EURIPIDES. Let's take your prologues; 'tis the beginnings of this able poet's tragedies that I wish to examine at the outset. He was obscure in the description of his subjects.
DIONYSUS. And which prologue are you going to examine?
EURIPIDES. A lot of them. Give me first of all that of the 'Orestes.'[501]
DIONYSUS. All keep silent, Aeschylus, recite.
AESCHYLUS. "Oh! Hermes of the nether world, whose watchful power executes the paternal bidding, be my deliverer, assist me, I pray thee. I come, I return to this land."[502]

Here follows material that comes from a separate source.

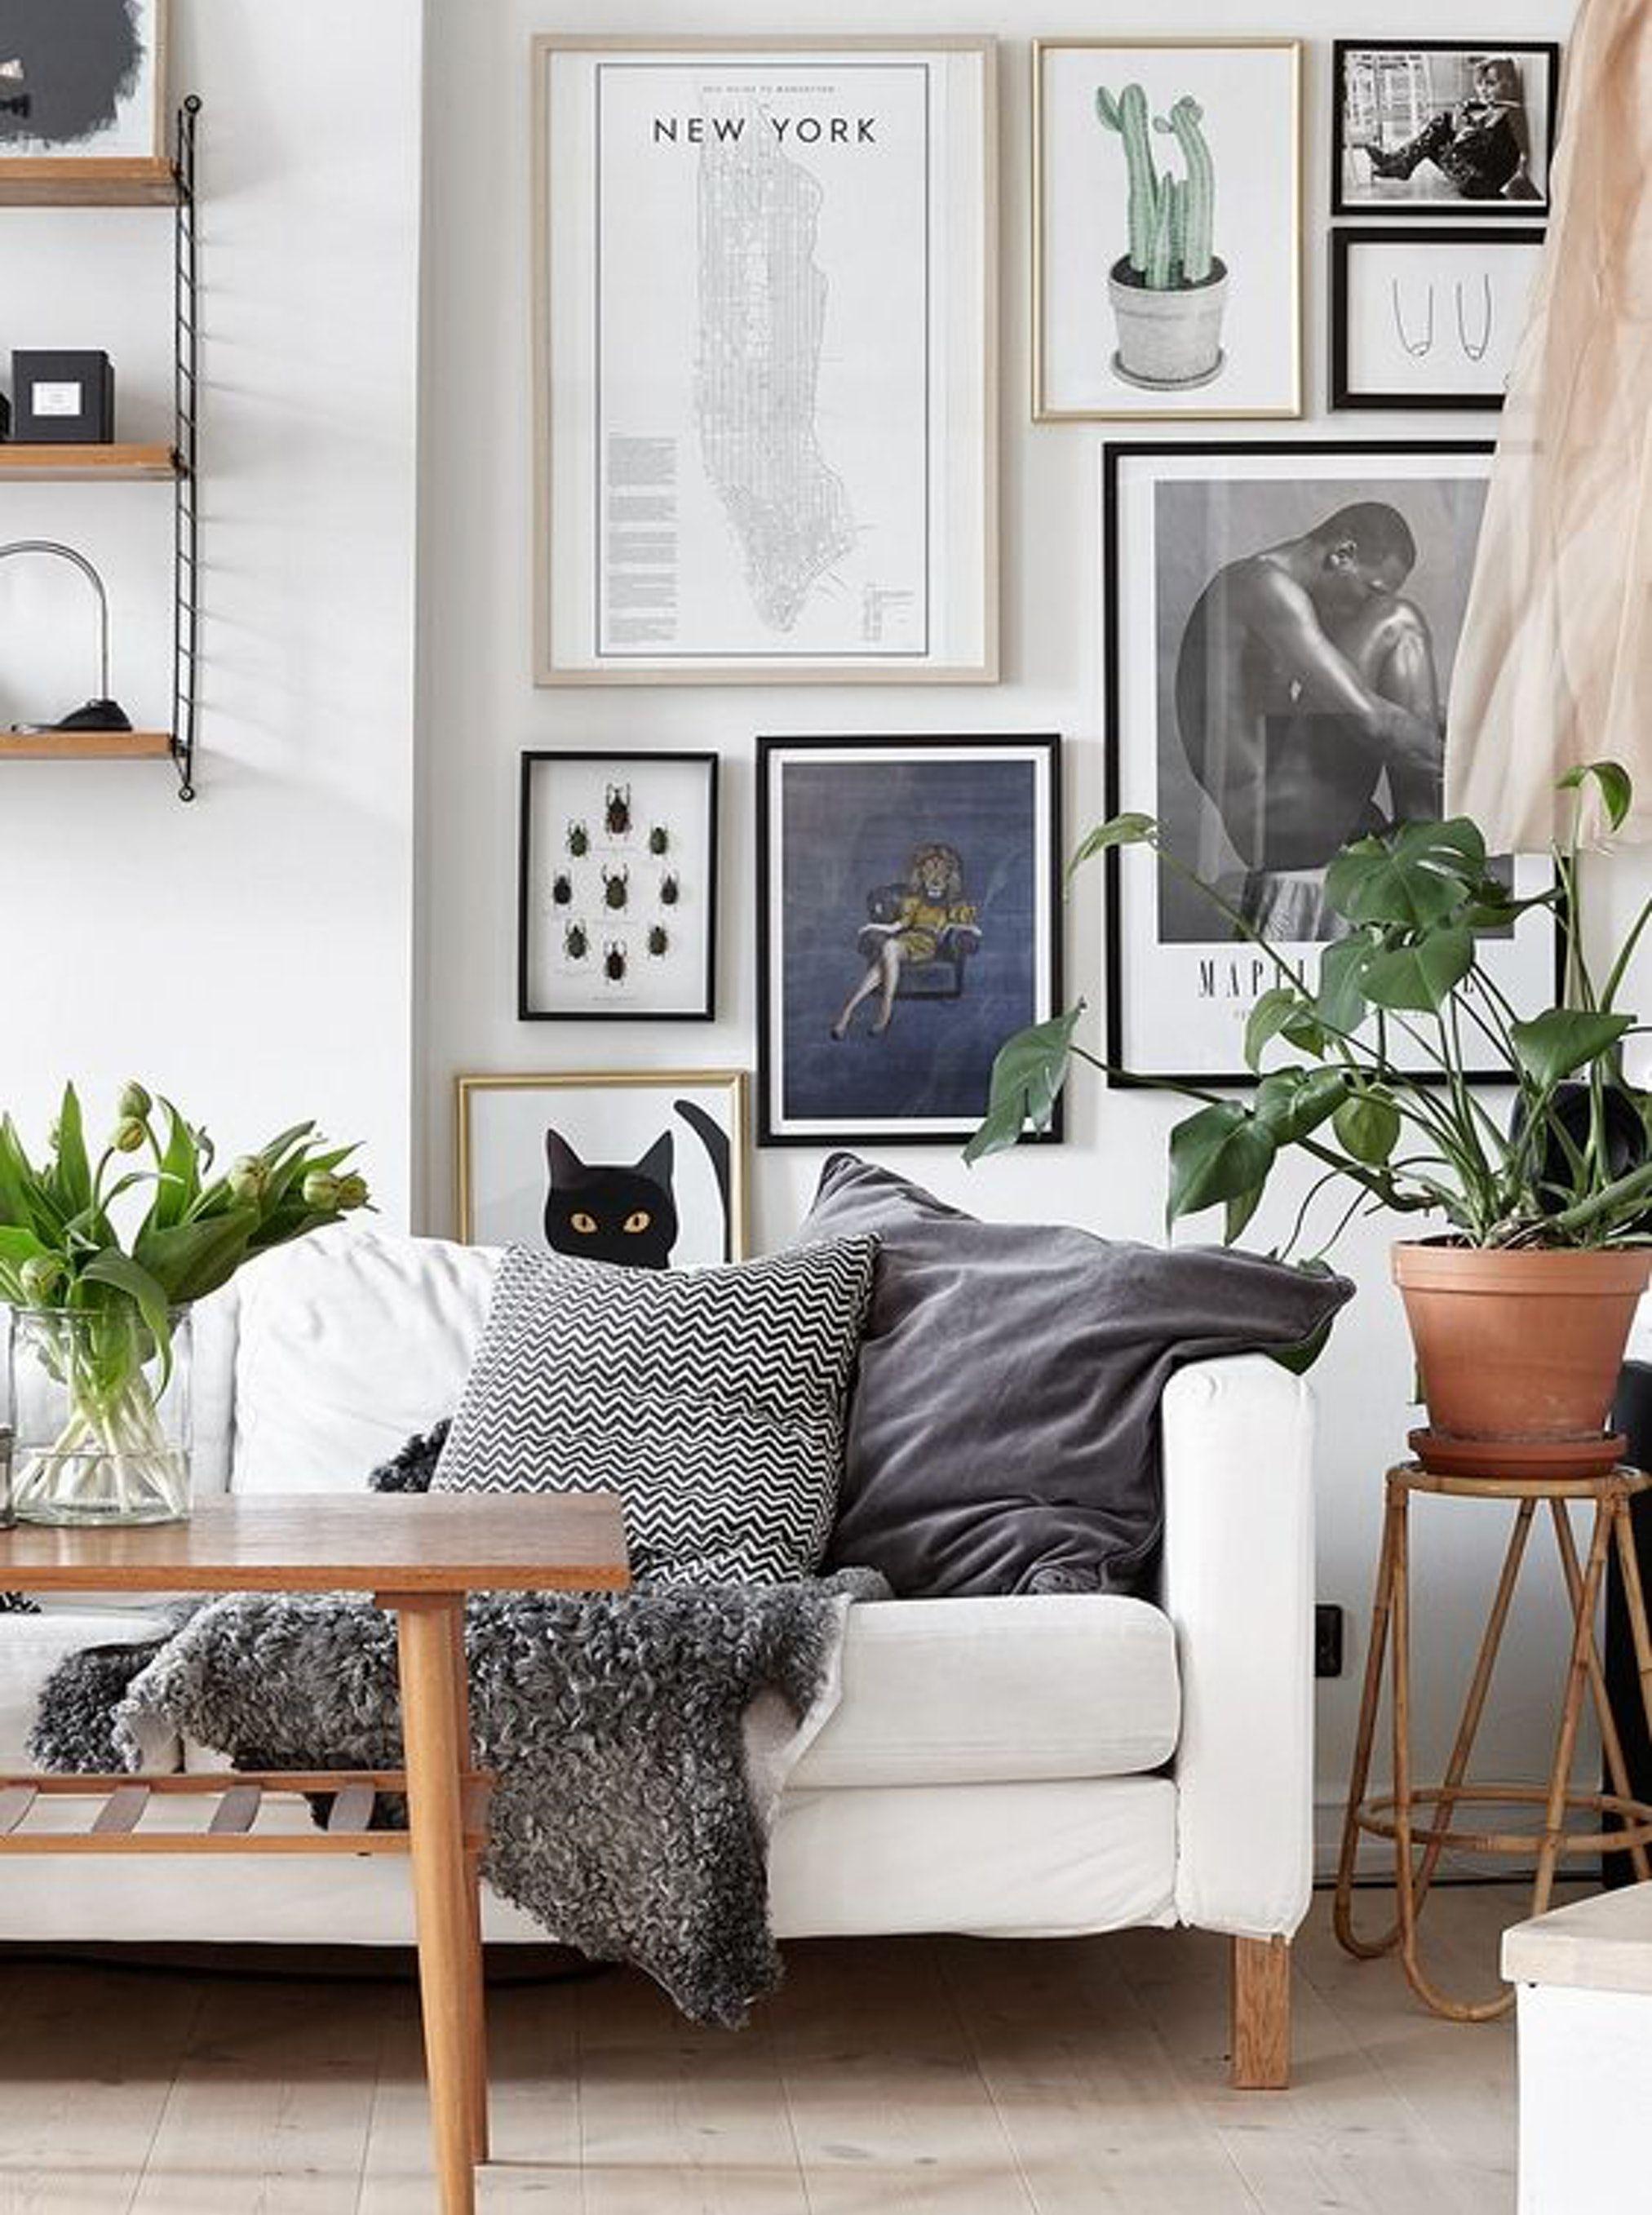 Beau Interior Design Style Quiz   Whatu0027s Your Decorating Style

DIONYSUS. Is there a single word to condemn in that?
EURIPIDES. More than a dozen.
DIONYSUS. But there are but three verses in all.
EURIPIDES. And there are twenty faults in each.
DIONYSUS. Aeschylus, I beg you to keep silent; otherwise, besides these three iambics, there will be many more attacked.
[501] A tetralogy composed of three tragedies, the 'Agamemnon,' the 'Choëphorae,' the 'Eumenides,' together with a satirical drama, the 'Proteus.'
[502] This is the opening of the 'Choëphorae.' Aeschylus puts the words in the mouth of Orestes, who is returning to his native land and visiting his father's tomb.